Acute Epididymitis (irrirative voiding symptoms, accompanied by enlarged painful epididymus)
What Is Acute Epididymitis?
Acute epididymitis is an inflammation of the epididymis—the coiled tube at the back of the testicle that stores and carries sperm. It is often infectious, either sexually transmitted or urinary in origin, depending on the patient’s age and risk factors.
🧠 Etiology: Age-Based Clues
Age Group | Likely Cause | Common Pathogens |
|---|---|---|
<35 years | Sexually transmitted infection (STI) | Chlamydia trachomatis, Neisseria gonorrhoeae |
>35 years | Urinary tract pathogen | E. coli, Pseudomonas |
Children | Often viral or anatomic abnormality (e.g., reflux) | E. coli or viral |
💡 Also consider:
Anal intercourse → Enteric organisms (E. coli)
Recent urologic procedures → Instrumentation-related infection
Amiodarone → Can cause non-infectious epididymitis
🩺 Clinical Presentation
Gradual onset of unilateral scrotal pain and swelling
Scrotal erythema, warmth, and tenderness
Pain relief with scrotal elevation (🌟 Prehn’s sign – positive)
Dysuria, urinary frequency (if UTI-related)
Fever or chills (in some cases)
Urethral discharge (if STI-related)
Normal cremasteric reflex (unlike testicular torsion)

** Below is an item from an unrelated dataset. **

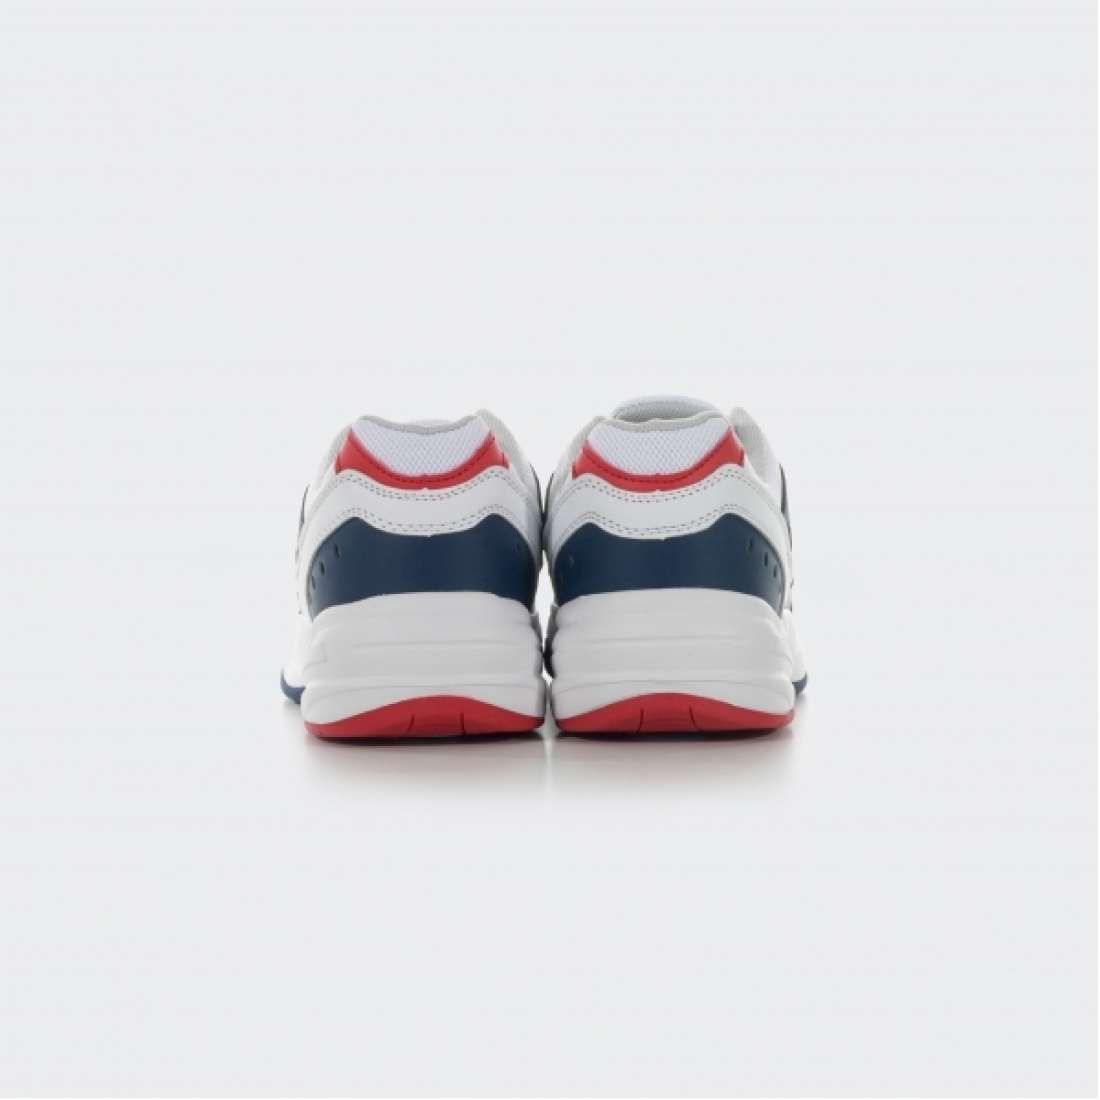 CHAMPION LOW CUT SHOE PHILLY MESH WHITE/NAVY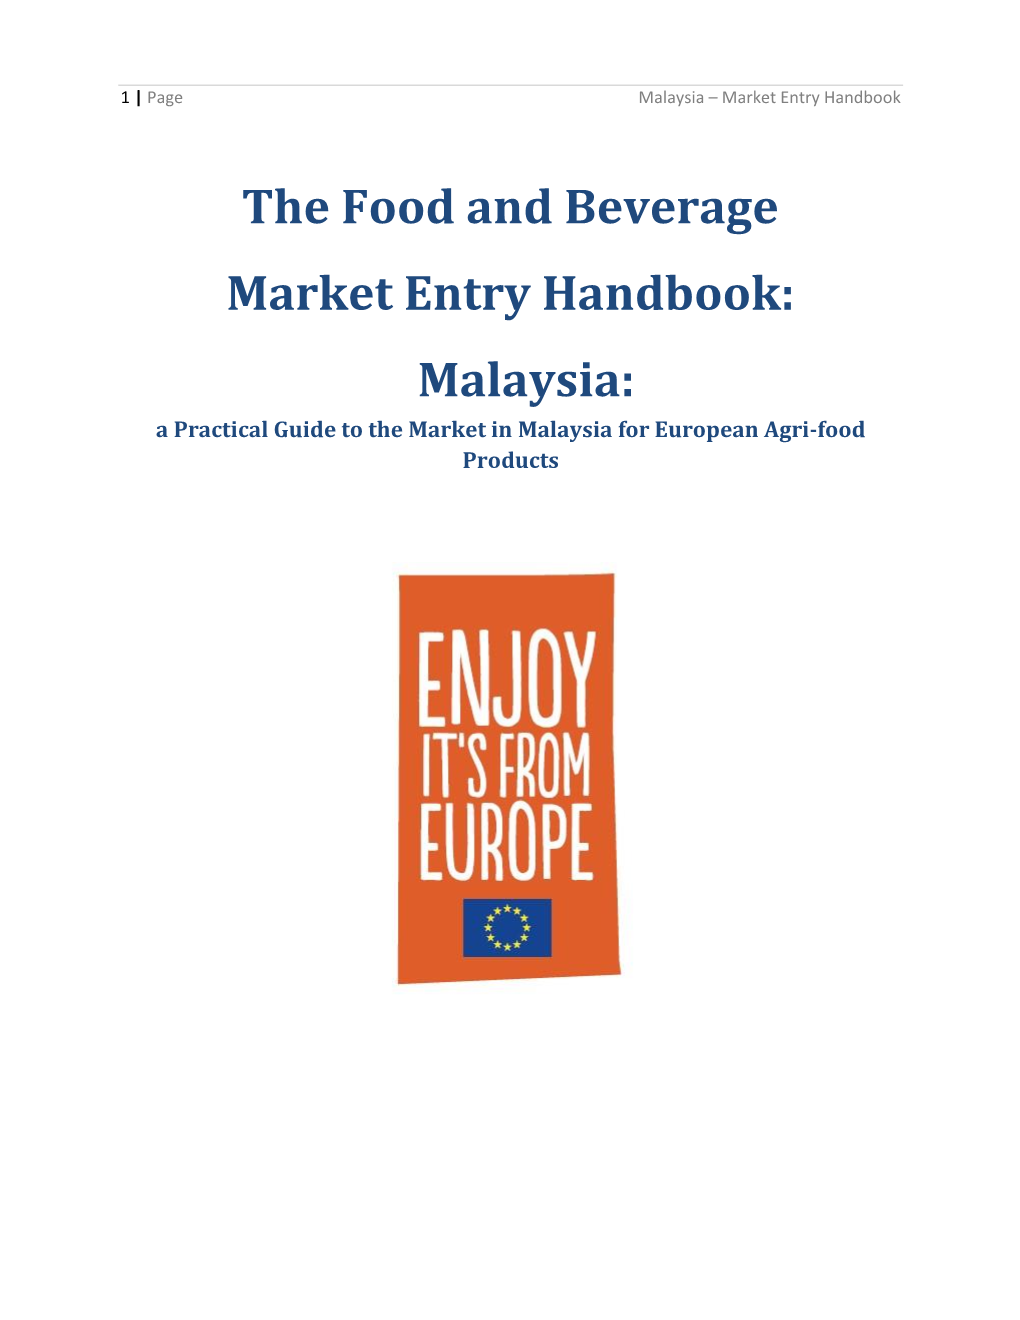 The Food and Beverage Market Entry Handbook: Malaysia

🔬 Diagnosis: Workup for NP Practice
Test | Purpose |
|---|---|
Urinalysis + Urine Culture | Look for pyuria/bacteriuria (esp. in older men) |
NAAT (PCR) for GC/Chlamydia | Standard for sexually active men <35 |
Scrotal ultrasound with Doppler | If testicular torsion cannot be ruled out; shows increased blood flow to epididymis |
STI screen | If indicated, also screen for HIV, syphilis, etc. |
⚠ Testicular torsion is a surgical emergency — rule this out urgently in sudden, severe pain (esp. if <25 years old).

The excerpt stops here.